The sounds of Psalm 23 is somewhere between poetry and prose – it's a lot like hip-hop lyrics, actually. Except for, you know, some slight differences in content. Some people think that hip-hop is just like poetry, and while we agree that rap can be as inventive as poetry, the sound is usually different. English poetry is traditionally not written to be accompanied by outside music, but the Hebrew psalms were, in fact, written as musical pieces, something they also share with hip-hop lyrics. When translated into English by the crew that created the King James Version of the Bible, Psalm 23 has that same half-spoken, half-sung quality as rap music. Maybe that's why the phrase, "as I walk through the valley of the shadow of death" from line 4 worked so well in Coolio's song, "Gangster's Paradise."
Like a lot of rap songs, Psalm 23 uses simple sentences structure that can be repeated over and over to build a sense of rhythm: "He maketh," "He leadeth," "He restoreth," "I shall not want," "I will fear no evil," "My cup runneth over." The psalm is made of up phrases that pair up very well with one another because they have a similar sound.
Also, because the King James Version is a translation, line breaks aren't particularly important.

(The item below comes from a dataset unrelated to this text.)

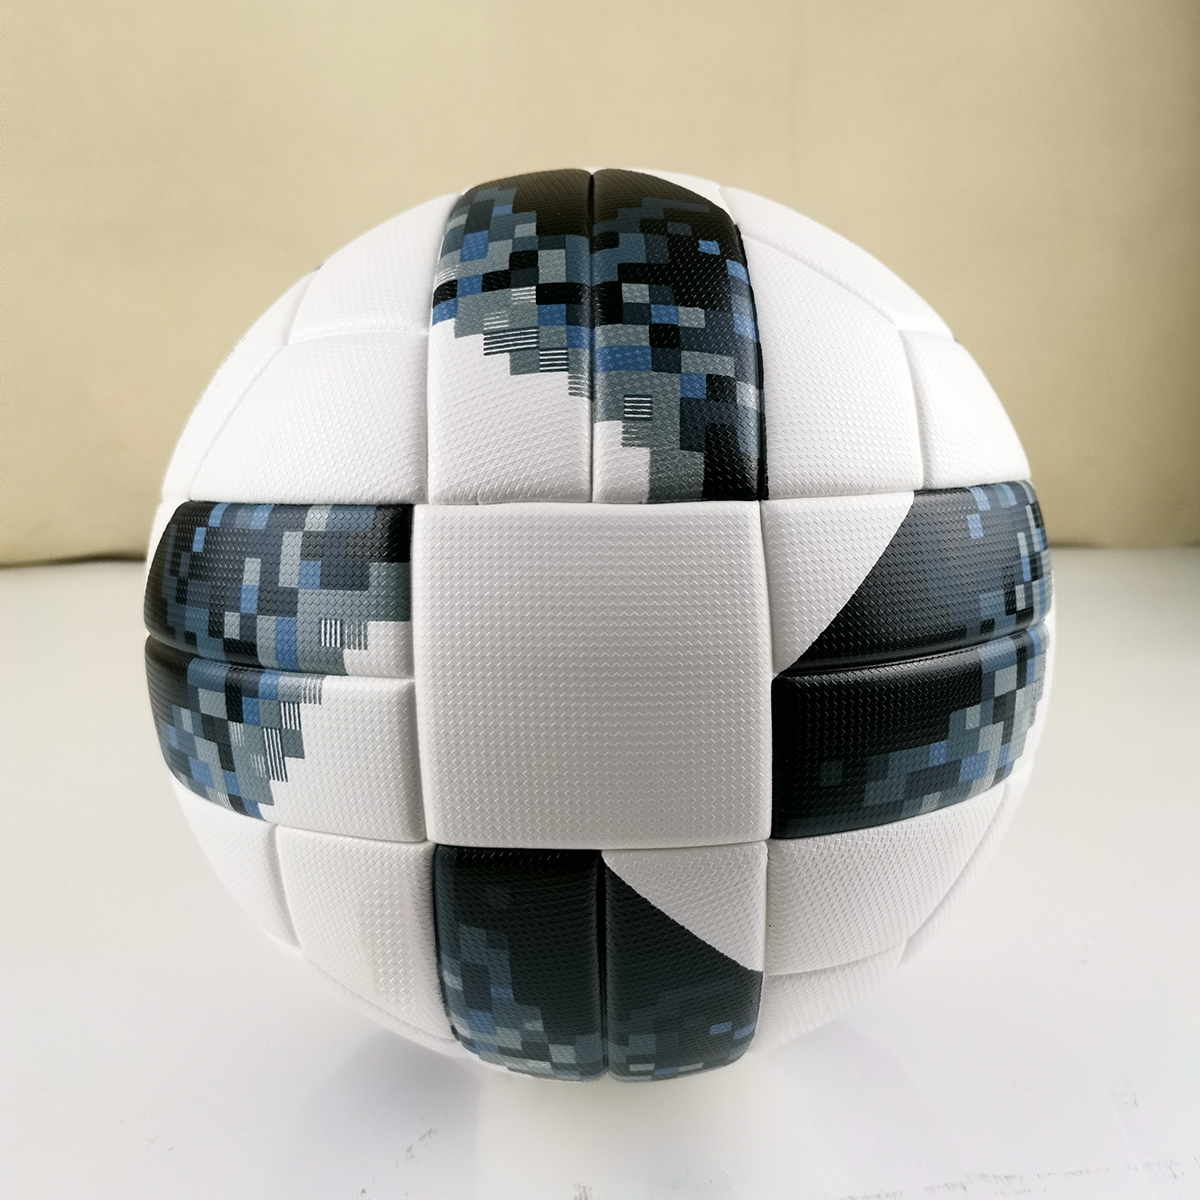 Oficial tamaño 5 balón de fútbol PU gránulo antideslizante fútbol sin costuras bolas de regalo Goal Team Match fútbol entrenamiento pelotas

The six "lines" you usually see numbered in a Bible are simply divided by sentences. Line breaks are not as essential to rap, either, though they're crucial to almost all poetry, with a few exceptions (like prose poems).
So, Psalm 23 is not organized as a self-contained piece of music-in-language, like, say, a Shakespearean sonnet or an Emily Dickinson hymn. It has both musical elements and prose-like elements. The musical elements are found in the repetition we described above, the quality of the words and images, and in the use of poetic rhythm in some places. In particular, the poem uses a lot of anapests (see "Form and Meter" for more information on anapests), a very distinctive metrical unit that sounds like galloping horses' hooves. These anapests serve a similar function in propelling the psalm forward as the background beat in a rap sound does in propelling the rapper.

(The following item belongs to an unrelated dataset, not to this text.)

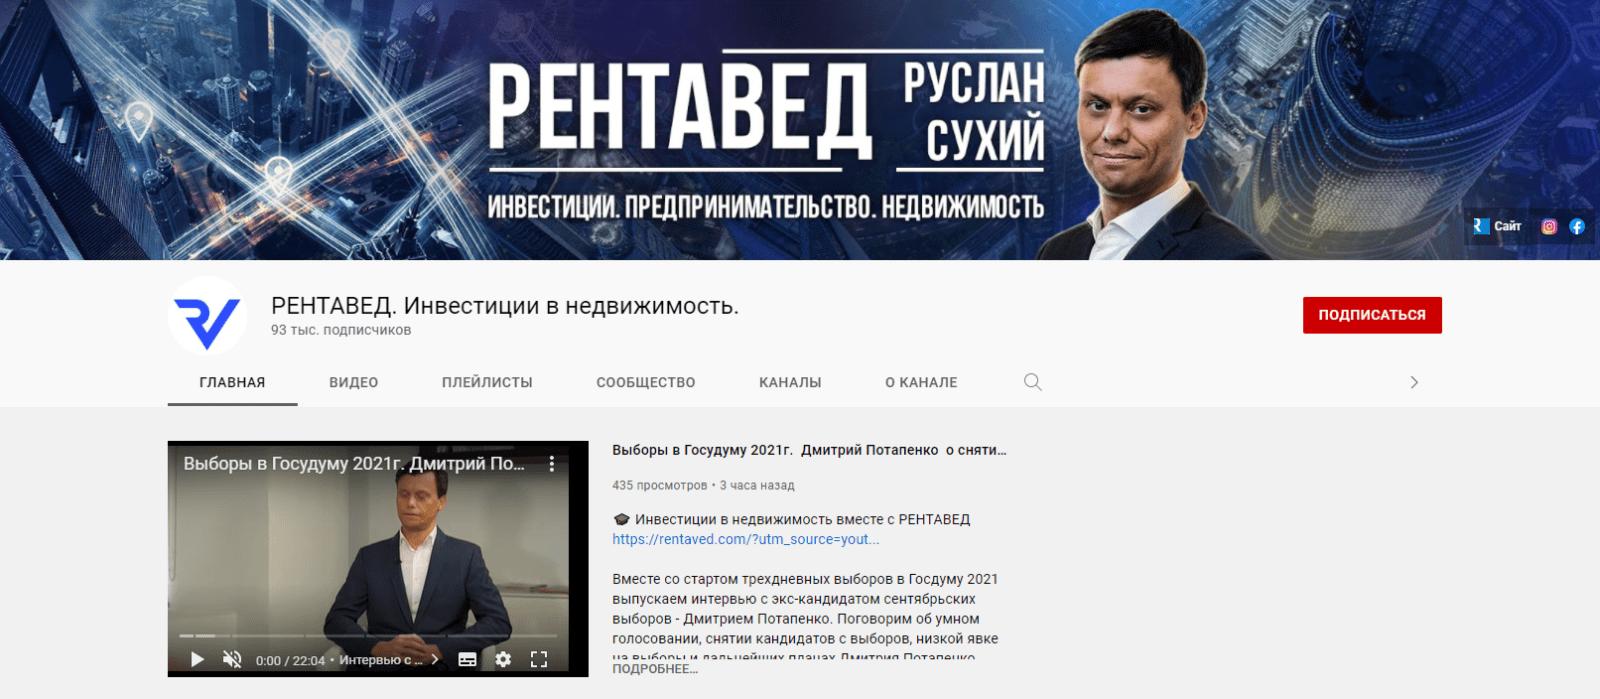 Ютуб-канал Рентавед

Finally, if you still don't believe us about the similarities between this song and rap, check out these two lines. One is slight modification of the first line of this psalm (we bolded the change), and the other is the first line of a song by Jay-Z...
Psalm 23: The Lord is my shepherd, and I shall not want.
Jay-Z, "99 Problems": I got ninety-nine problems, but a ***** ain't one.
It would make for a pretty weird song, but you could read both of these lines to the same exact beat!